Despite all this, the many awards, and great reviews, one criticism I’ve seen repeatedly levelled at Peerless is that their whiskey is too expensive for what it is. At a recommended retail price of around $90 many have claimed that charging this price for a very young whiskey is a bit steep. This is a fair accusation, considering the rising prices of whiskey across the board (especially craft whiskey), but this time I feel that there may be more to it than meets the eye so hopefully I can provide some insight into this. From Peerless’ perspective the higher-than-average price of their whiskey is as a result of several important factors.

  • First, Peerless make all their own whiskey on a small craft scale using a sweet mash process for its superior flavours and quality. However, using sweet mash is an expensive process requiring fresh grains, fresh 1st gen. yeast for each fermentation, and a costly steam cleaning of all relevant equipment post-production.
  • Second, they use a low barrel entry proof of 107 proof. With the new-make coming off the still at approx 131 proof barrelling at 107 proof means that they use approx 17% more barrels and we all know that barrels are one of the largest expenses in any distillery.
  • Third, by maintaining strict quality and flavour controls at every step of production their whiskey requires more man hours and expensive state-of-the-art equipment to produce.
  • Fourth, they have been recognized as one of the top craft distilleries in the country and world as well as having won multiple awards and mentions from Rye and Bourbon experts such as Fred Minnick, Mike Veach and Dave Sweet. 

So do all these reasons mean that they are justified in charging what they do? Well I think so, especially when you know you’re not getting ripped off for the sake of it: you’re paying for a carefully made true craft whiskey that’s being produced to the highest of quality standards.
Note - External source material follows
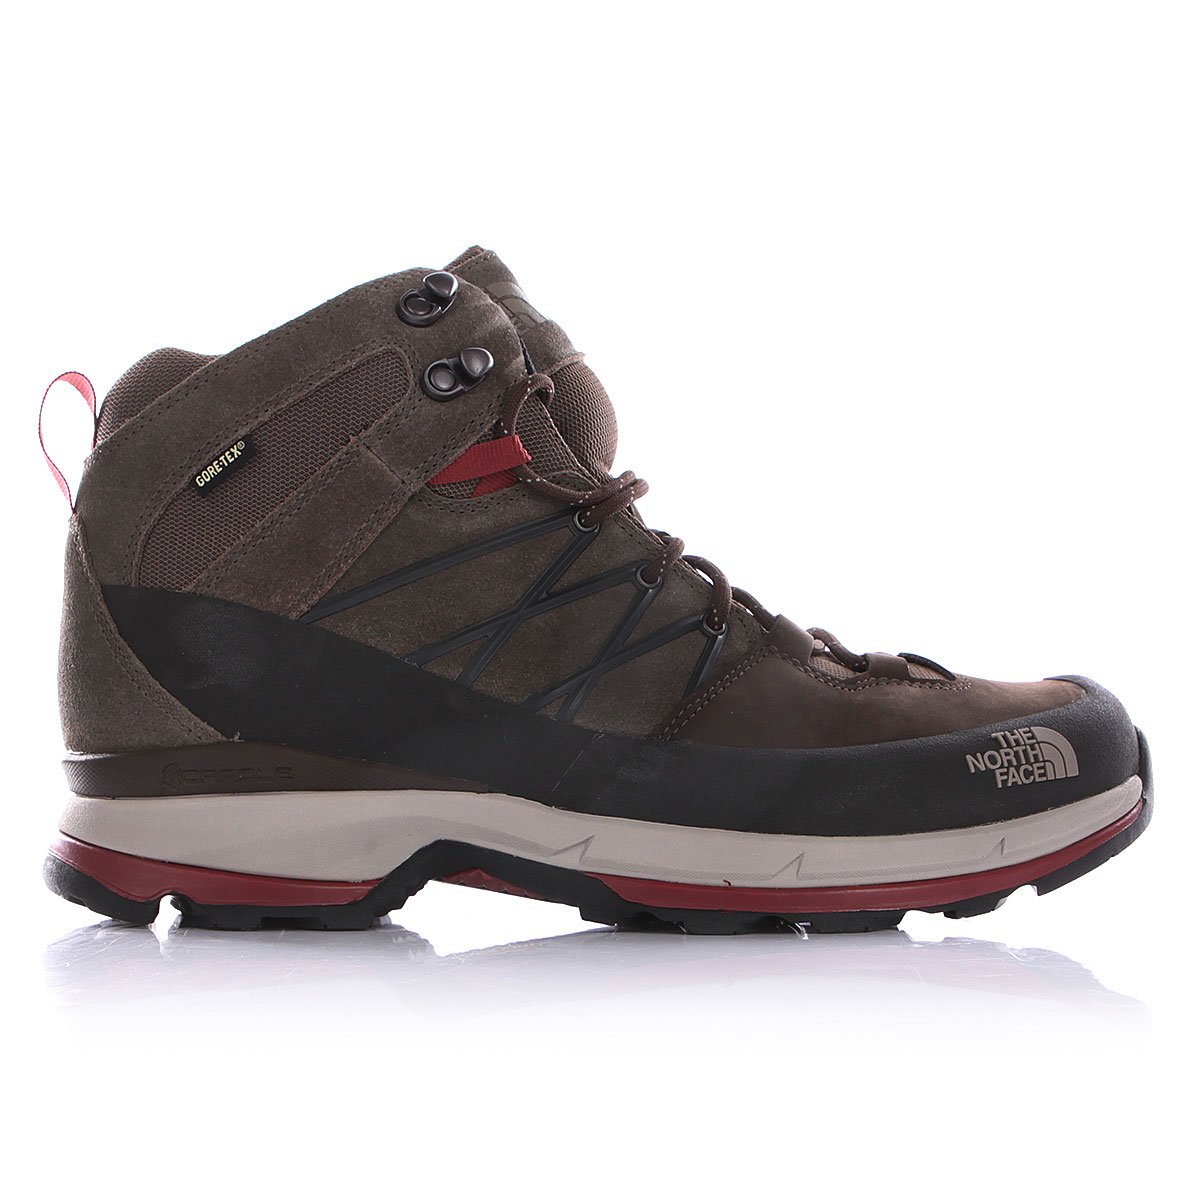 The North Face Wreck Mid Gtx Grey/Black 
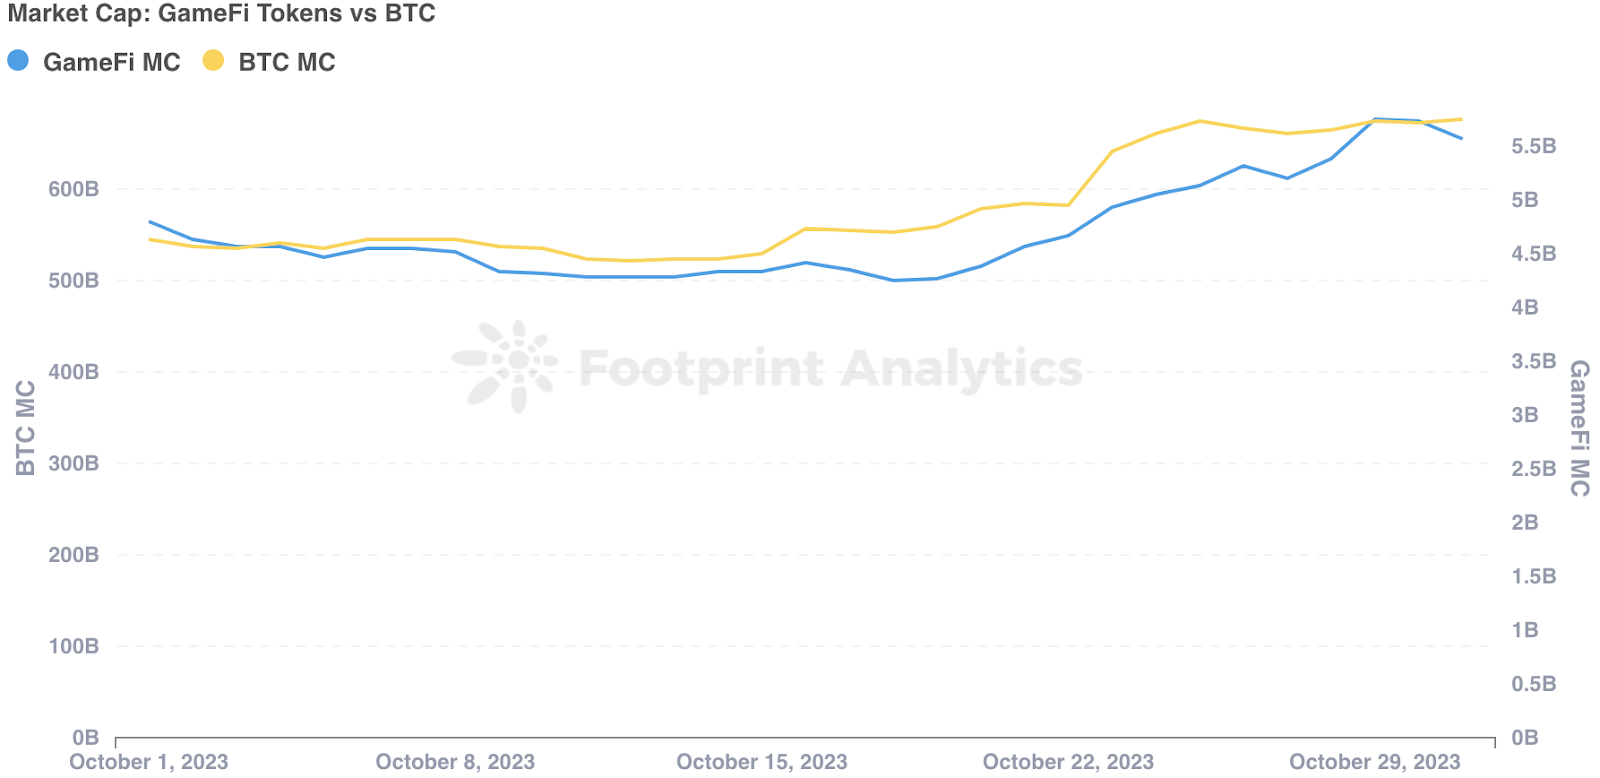 October Web3 Gaming Industry Faces User Acquisition Challenges Despite Market Cap Growth

This is honestly one of the best craft rye whiskies I’ve ever had and the quality will only keep improving which is the best part. Right now it’s delicious, but thinking ahead I’m truly excited for what’s to come as I personally believe Peerless rye could compete with some of the finest ryes out there. As we see older stocks released on an ongoing annual basis I would hypothesise that the demand for Peerless rye will only continue its upward trajectory as word of its quality continues to spread.

If you’re ever in the Louisville area I would highly recommend their distillery tour. I stopped in one afternoon on a whim and as just another visitor I was completely blown away by their people, their operation, and most importantly their whiskey. It would be hard for anyone that has visited there to argue that these guys don’t take their business very seriously and really push themselves to make the best quality product possible. The best part is they have specially selected single barrel rye whiskies available in the distillery as well as smaller 200ml bottles for those who are only looking for a taster.

Try or Buy?

Peerless is now available in 45 U.S. states, Canada, Australia and will soon be in the U.K. At $90 a bottle I’d happily buy knowing that I’m supporting a small-scale producer that are doing whatever it takes to craft exceptional whiskey. Still think the price is too high? With the increasing availability, getting your hands on a pour at your local well-stocked whiskey bar won’t be a problem soon and is something I would highly recommend.